Nobody does animation better than Disney; it's just that some of us wanted out of the box. Burton was one. I was another. We were the mutual complaint society.
Having to make a blockbuster every time puts unhealthy pressure on creatives. The pressure on the filmmakers is so intense, I think it stifles the creativity.
I'm looking at some comedic horror films because I have often been accused of being too dark. I'm not dark, not compared with 'Saw' or anything like that. So I'm looking at live-action horror films, but not slasher ones - ones that have humor and maybe some social satire.
In all animation, if it's done quickly, you'll know it. And if you're very slow and careful with it, it's going to look a little more beautiful. It's just compressing time into seconds.
I was influenced by Ray Harryhausen and Lotte Reiniger, with her twitchy, cutout animation, which I happened to see at a very young age, but also by the Warner Bros. cartoons, 'Tom and Jerry,' and of course Disney. And also by Fellini's 'Giulietta of the Spirits' and Kurosawa's 'Ran.' And by other American illustrators and painters.
Kids love to be scared - there's way to do it right, and ways to do it wrong.
Underneath this tired, middle-aged exterior, I'm an 11 year old kid.
There's always kids who become stop motion animators. I get stuff all the time. They put it on YouTube. It's exciting to see.
People are very harsh critics of animated humans.
As a director, I'm not the one animating every frame, every shot. I'm moving around like a surgeon on rounds, or a farmer checking in on all the plants being grown, pruning and adjusting.

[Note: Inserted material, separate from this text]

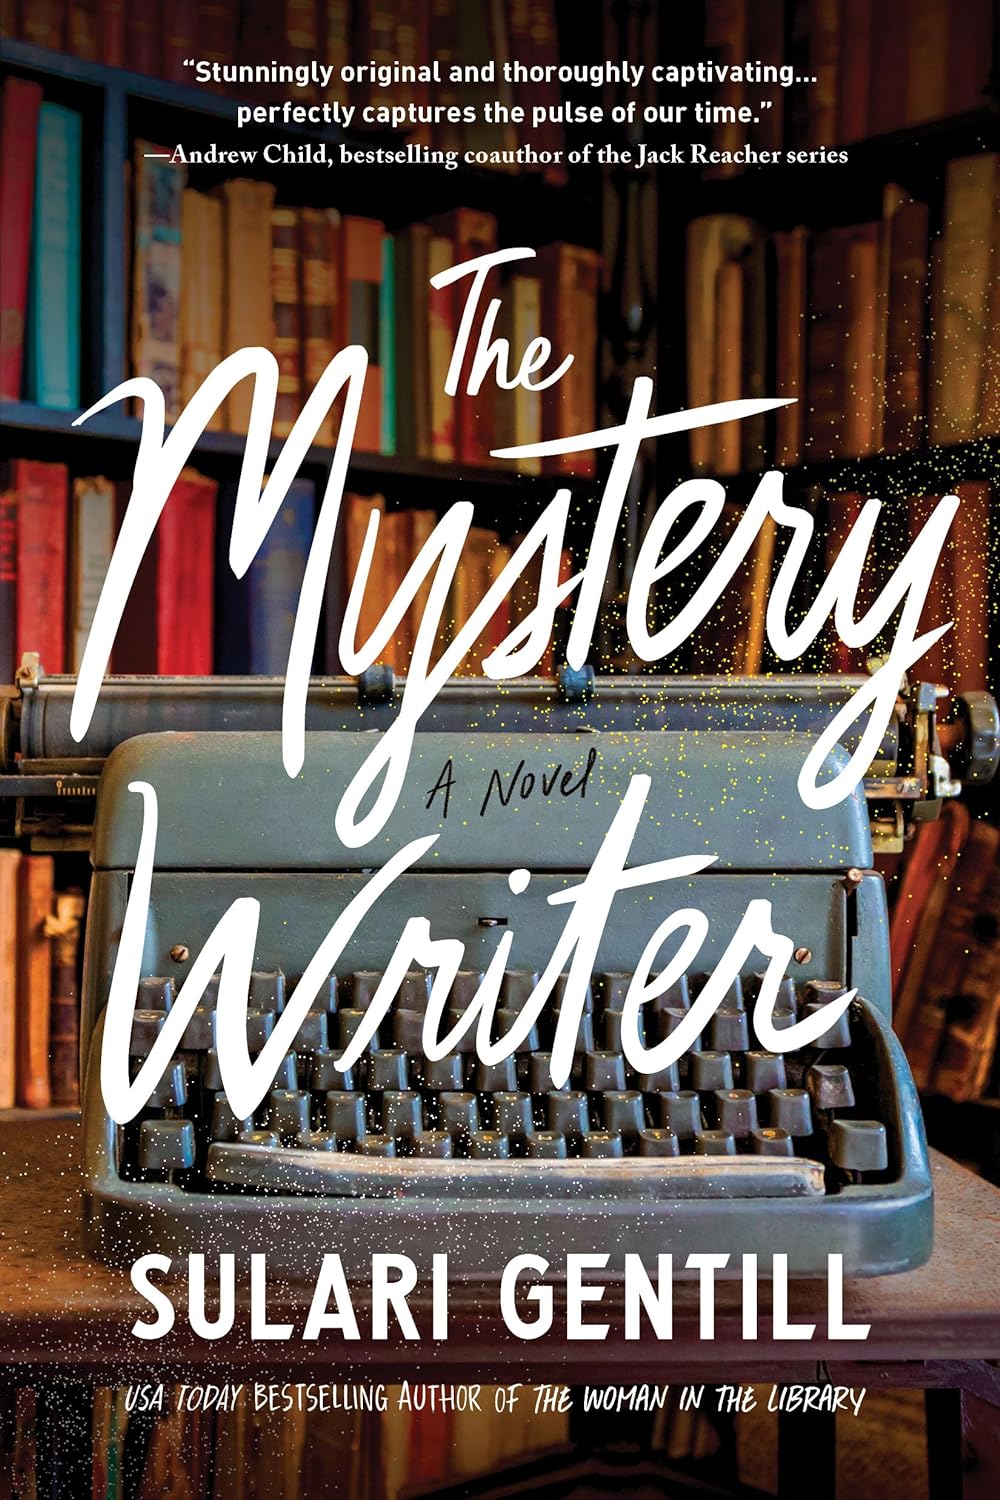 Image for "The Mystery Writer"

For me, it's a very exciting job.
My mother is a huge fan of my work. I told her about 'Coraline' long before the film was made, and she got the book and read it. She reminded me that when I was about five years old, I used to sit in the kitchen for hours and talk about my 'other' family in Africa, my other mother and father. I had totally forgotten that.
Any type of animation, it could be really super crude or very sophisticated, it doesn't mean anything if we don't make this point in this shot, this one here and this one here. There's the saying, 'One shot, one thought.' It's pretty much a true way to go.
Puppets seem like vampires sometimes. They live, and you're depleted.
I was at Disney for about four years, so I made good friends there. It was a time of not a lot of creativity. It was the end of the first great era, with a few of the original animators. They called them the Nine Old Men. I learned a lot from them, but it wasn't going to be a future home for me.
You know, I love stop-motion. I've done almost all the styles of animation: I was a 2D animator. I've done cutout animation. I did a CG short a few years ago, 'Moongirl,' for young kids. Stop-motion is what I keep coming back to, because it has a primal nature. It can never be perfect.